Major Thomas Weir (1599 - 1670) was a Scottish soldier and presumed occultist, executed for bestiality, incest and adultery.

Weir was a Covenanter who professed a particularly strict form of Presbyterianism. His spoken prayers earned him a reputation for religiosity which attracted visitors to his home in Edinburgh. He served under James Graham, Marquis of Montrose, as a lieutenant in the Army of the Covenant. He was known as the "Bowhead Saint", because his residence was near the top of the West Bow, off the Grassmarket, and "saint" was a popular epithet for particularly fervent Calvinists.

==Early life==
Weir was a native of Carluke in Lanarkshire, descendant of one of the most powerful and ancient families of the county, the Weir-de Veres. He was the son of Thomas Weir, Laird of Kirkton. His wife Lady Jean Somerville was reputed to possess clairvoyant powers. His grandfather was William Weir, or Vere, of Stonebyres Castle who married Lady Elizabeth Hamilton.

==Career==
Weir was a signatory to the Solemn League and Covenant and an officer in the Scottish anti-Royalist army.

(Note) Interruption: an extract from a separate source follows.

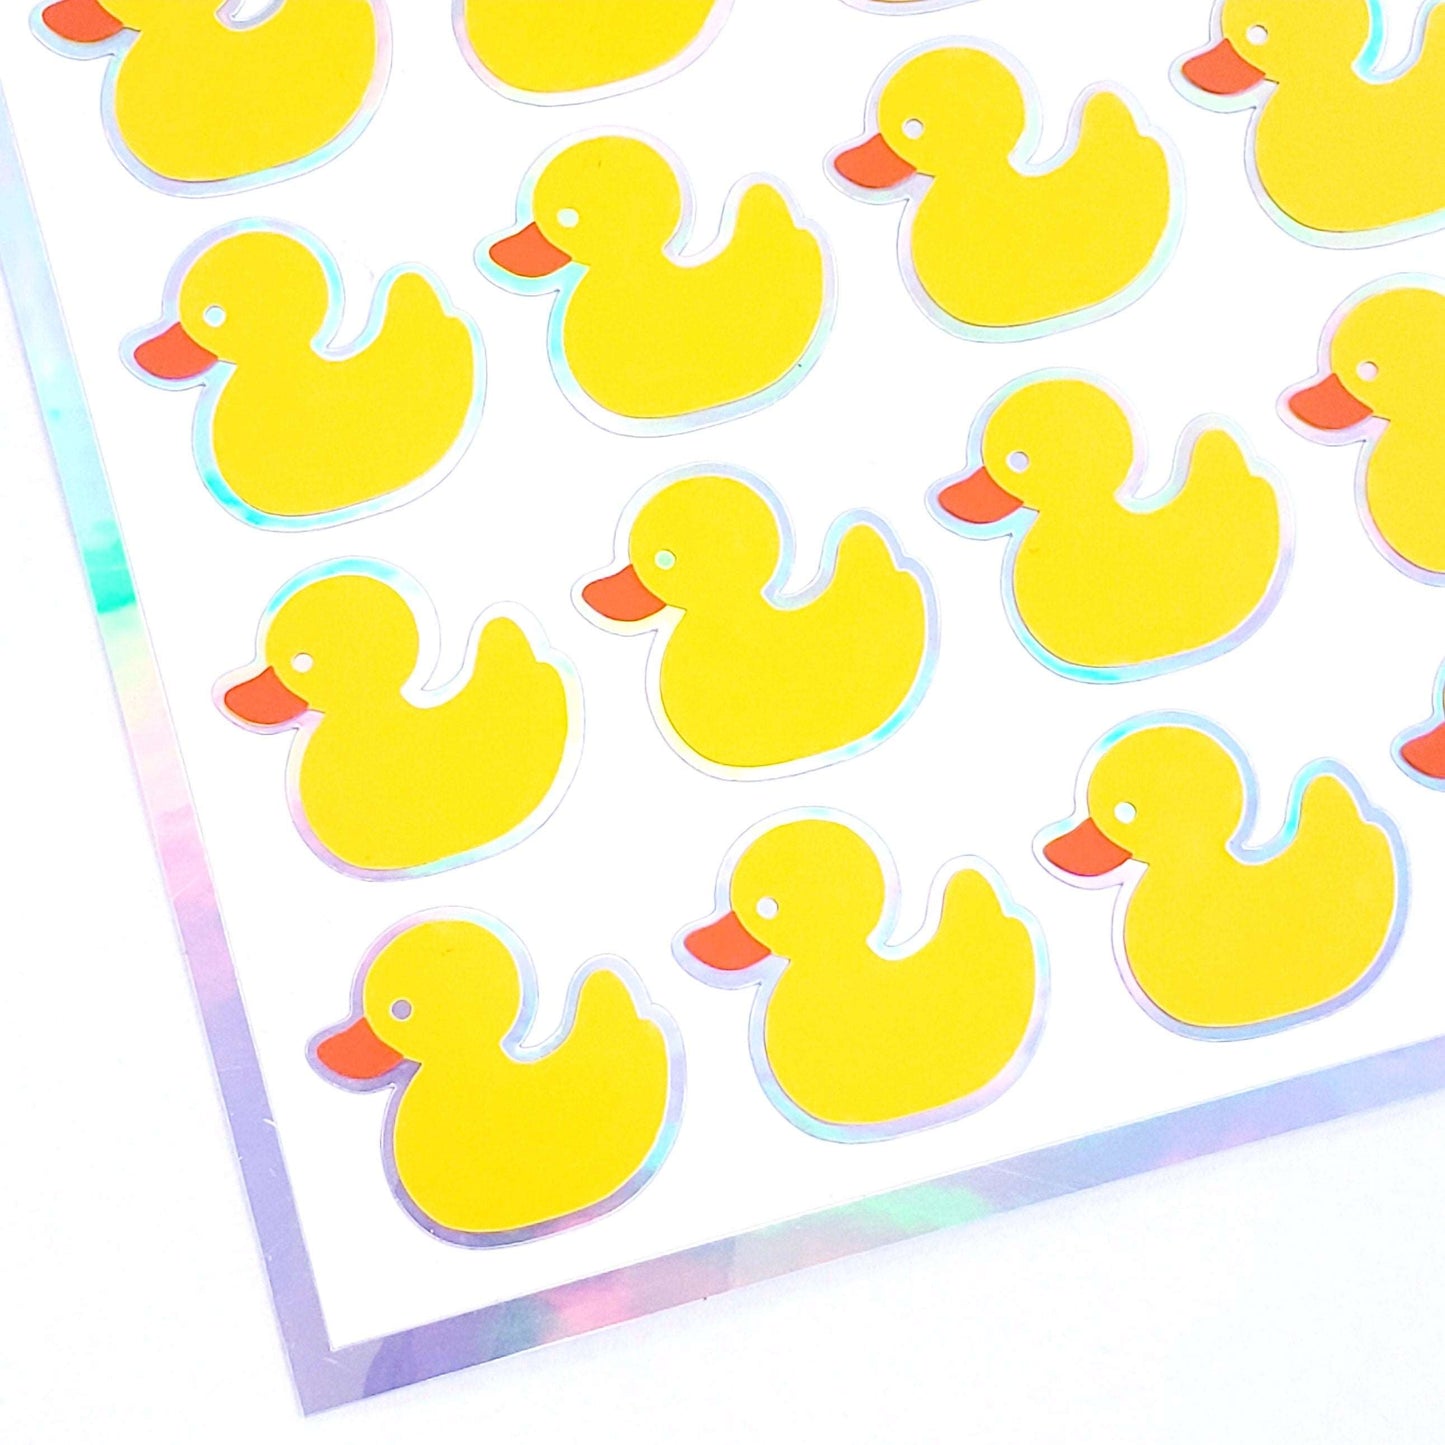 Rubber Ducky Stickers, set of 35 small duck vinyl decals. Stickers for scrapbook pages, journals, baby bath time schedule and goal charts.

As a Lieutenant, he served in Ulster during the Irish Rebellion of 1641. In 1650, he obtained the post of commander of the Edinburgh Town Guard, thus acquiring the rank of major. When the defeated royalist general Montrose—branded a traitor for changing sides—was brought to Edinburgh for execution, Weir, in his capacity as Captain of the Edinburgh City Guard, oversaw the execution.

==Personal life==
Weir lived with his spinster sister Jane or Jean, known as Grizel (sometimes "Grizelle") by her friends. Their house was on the West Bow, but according to James Grant, it was in a rear courtyard accessed through a building at the top of West Bow which belonged to a David Williamson. This would equate in modern terms to the inner courtyard of Riddell's Court. The West Bow frontage was replaced in 1878. In his capacity as a lay preacher and apparently pious man he and his neighbours acquired the nickname the "Bowhead Saints".

==Confession==
Following retirement, Weir fell ill in 1670, and from his sickbed began to confess to a secret life of crime and vice. Andrew Ramsay, the Lord Provost, initially found the confession implausible and took no action, but eventually Weir and his spinster sister, Jean Weir (known to her friends as "Grizel" or, Grizelle), were taken to the Edinburgh Tolbooth for interrogation. Major Weir, now in his seventies, continued to expand on his confession and Grizel, having seemingly entirely lost her wits, gave an even more exaggerated history of witchcraft, sorcery and vice. She related how many years before a stranger had called in a "fiery" coach to take her brother to Dalkeith and how during the short trip another man (Robert Chambers), had given him "supernatural intelligence" of the Scots' defeat at Worcester that same day. (In fact, Cromwell's Commonwealth Commissioners in Scotland had been based in Dalkeith and would have been among the first to know the outcome of the battle—though not, of course, on the same day.) Grizel maintained that Weir derived his power from his walking stick, topped by a carved human head, giving rise to later accounts that it had often been seen parading down the street in front of him.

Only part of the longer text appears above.